Conflicts are becoming increasingly prolonged and complex, leading to larger populations of displaced people with specific needs. Conflicts are now exacerbated by climate change and periodic emergencies, such as the COVID-19 pandemic. People who have fled conflict—whether they’ve become rural-to-urban migrants, or whether they’ve become refugees in far-away locales—have unique and multi-faceted needs. This is particularly the case for refugees with diverse sexual orientations, gender identities and expressions, and sex characteristics (SOGIESC).
People with diverse SOGIESC are often targeted for violence before and during conflict. In some cases, these people and communities are targeted by armed groups, while in others they are targeted by their families, friends or governments. Often people with diverse SOGIESC in conflict zones experience multiple forms of violence and discrimination from multiple sources.
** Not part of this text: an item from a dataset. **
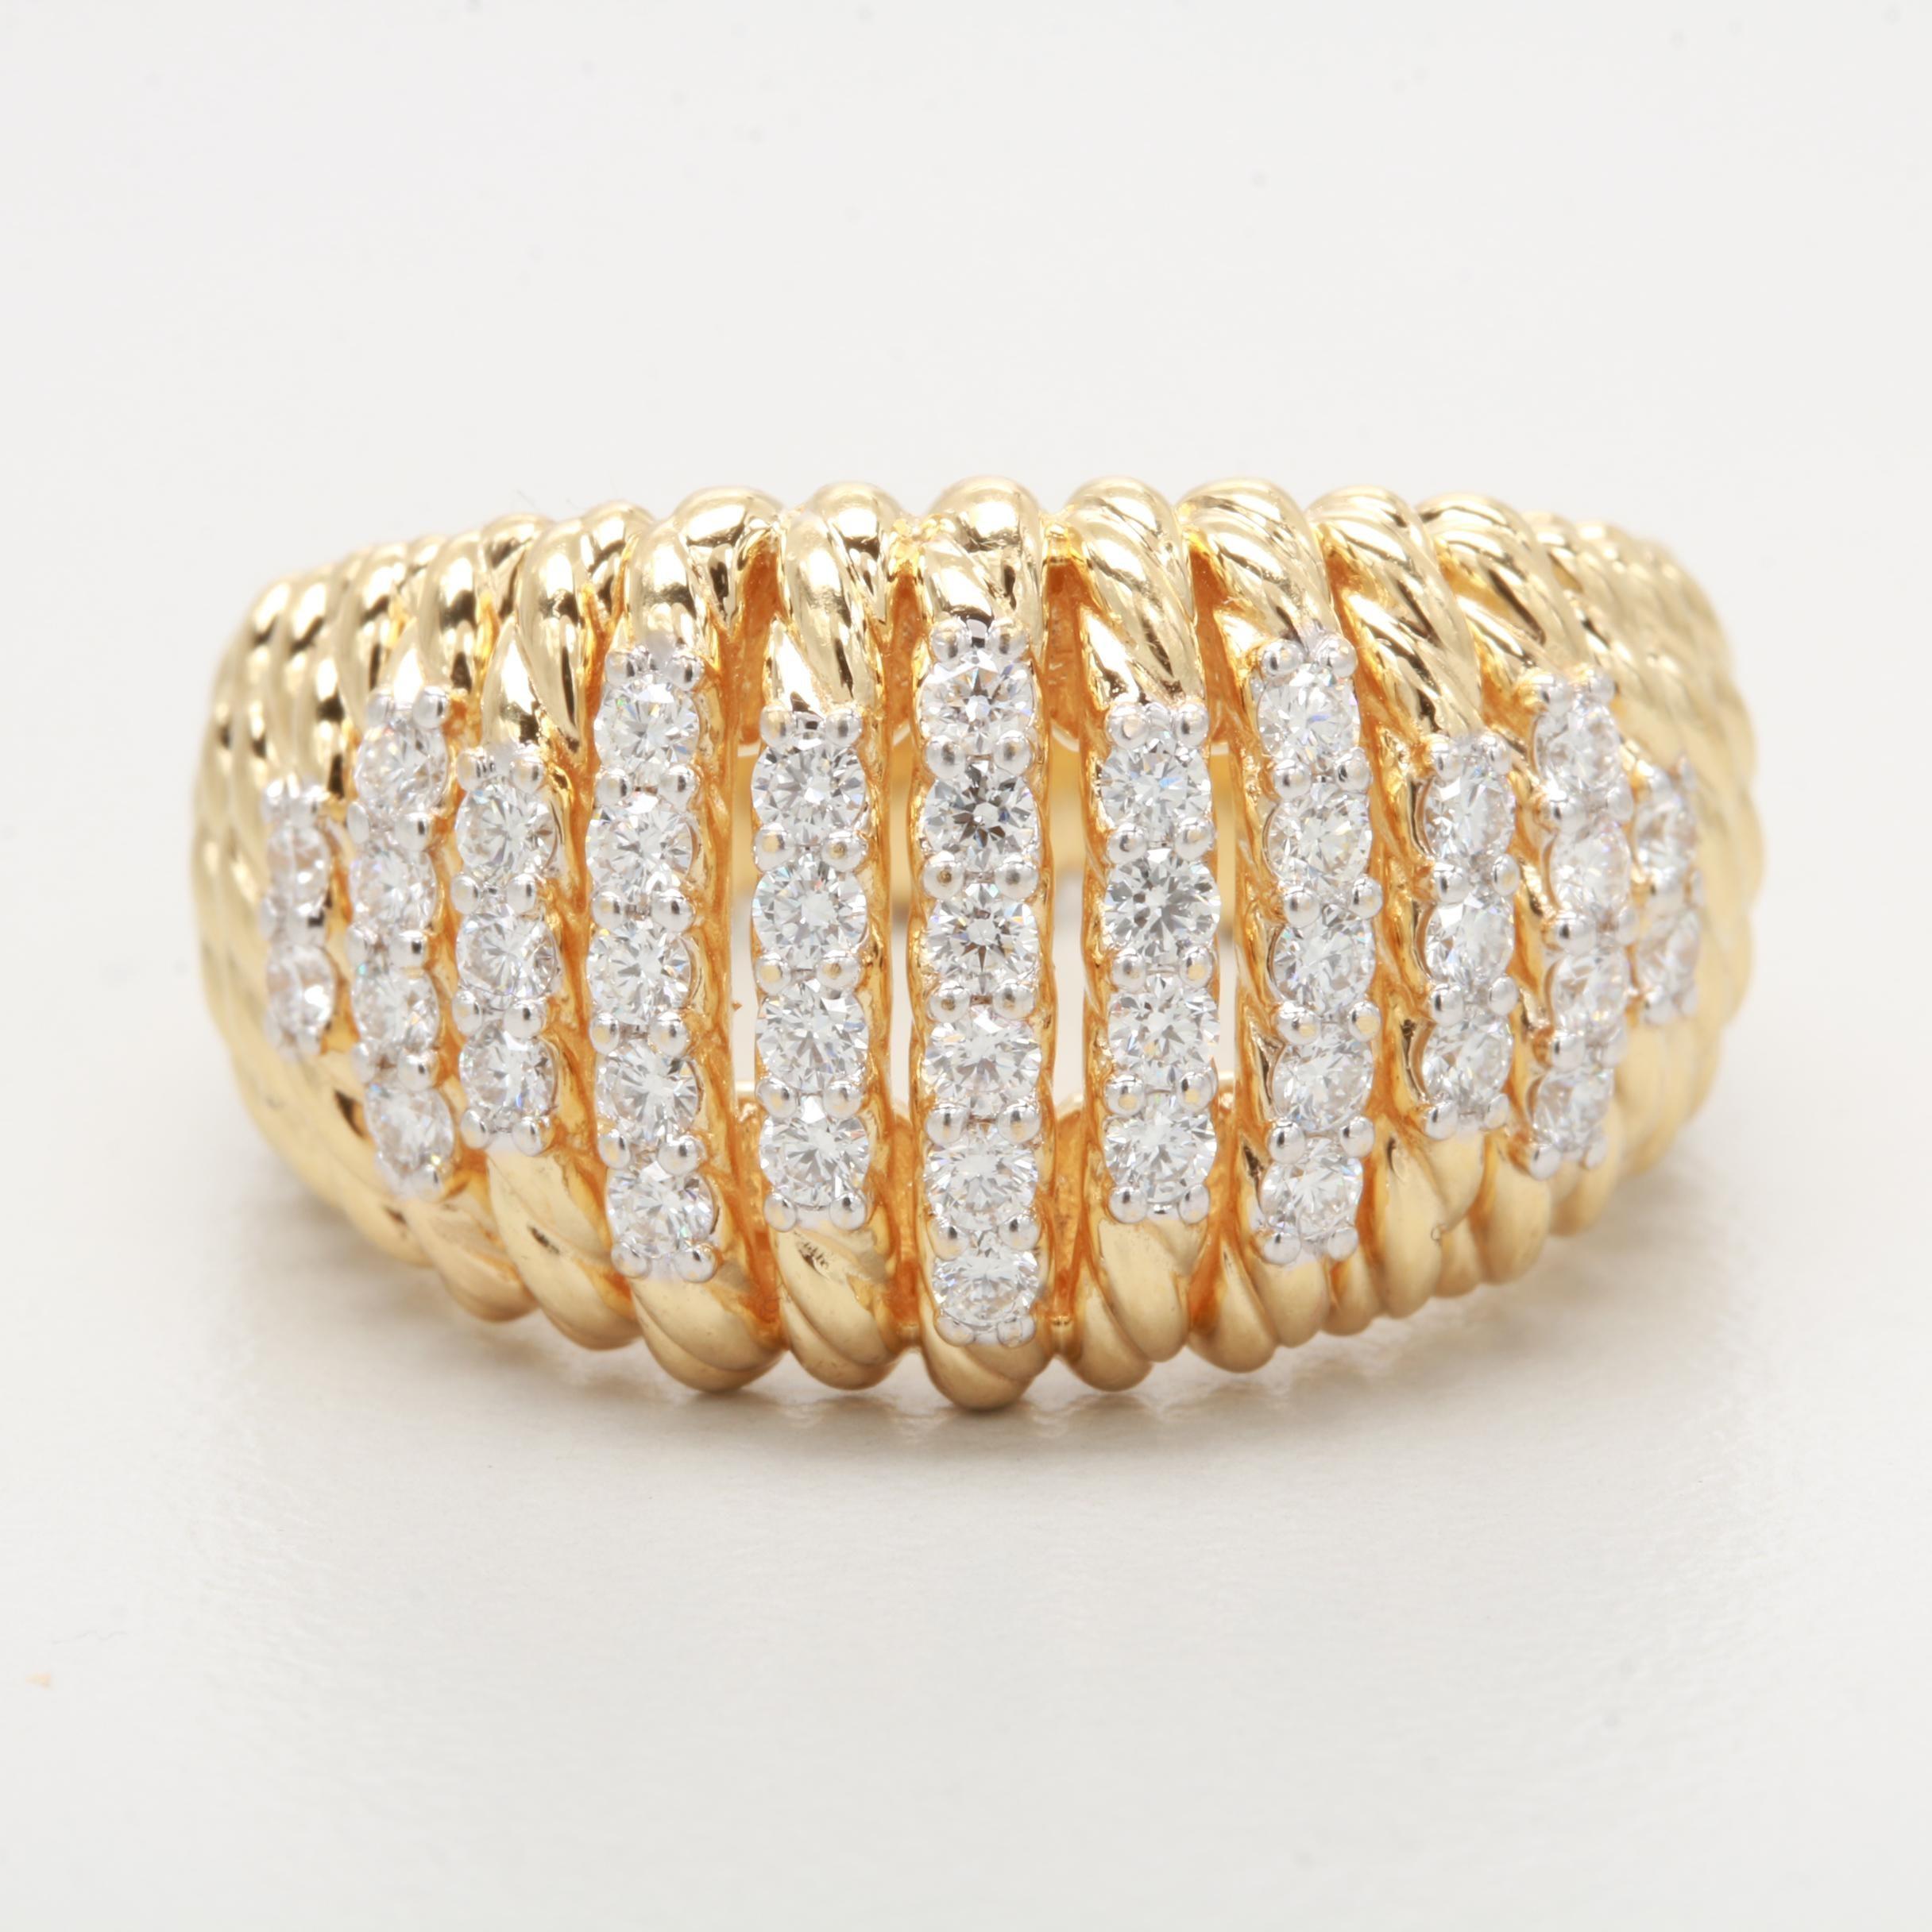 David Yurman 18K Yellow Gold 0.75 CTW Diamond Ring

Conflict is a diverse SOGIESC issues because people with diverse SOGIESC face specific challenges in conflict, when fleeing from conflict, and when they are attempting to re-build their lives following conflict, be it at home, as immigrants, or in a refugee setting.
The resources available in the Conflict category cover an array of topics including: research into the refugees with diverse SOGIESC experiences of sexual violence; challenges in accessing humanitarian services for people with diverse SOGIESC who have fled conflict; secondary research analysis of challenges for people with diverse SOGIESC in fragile and conflict affected environments; and considerations for humanitarian providers and experts in working with people with diverse SOGIESC who have survived conflict.
These resources have been compiled to enable humanitarian practitioners to better include people with diverse SOGIESC in conflict response, and to increase awareness of the ways in which diverse SOGIESC impact a person’s experience of conflict.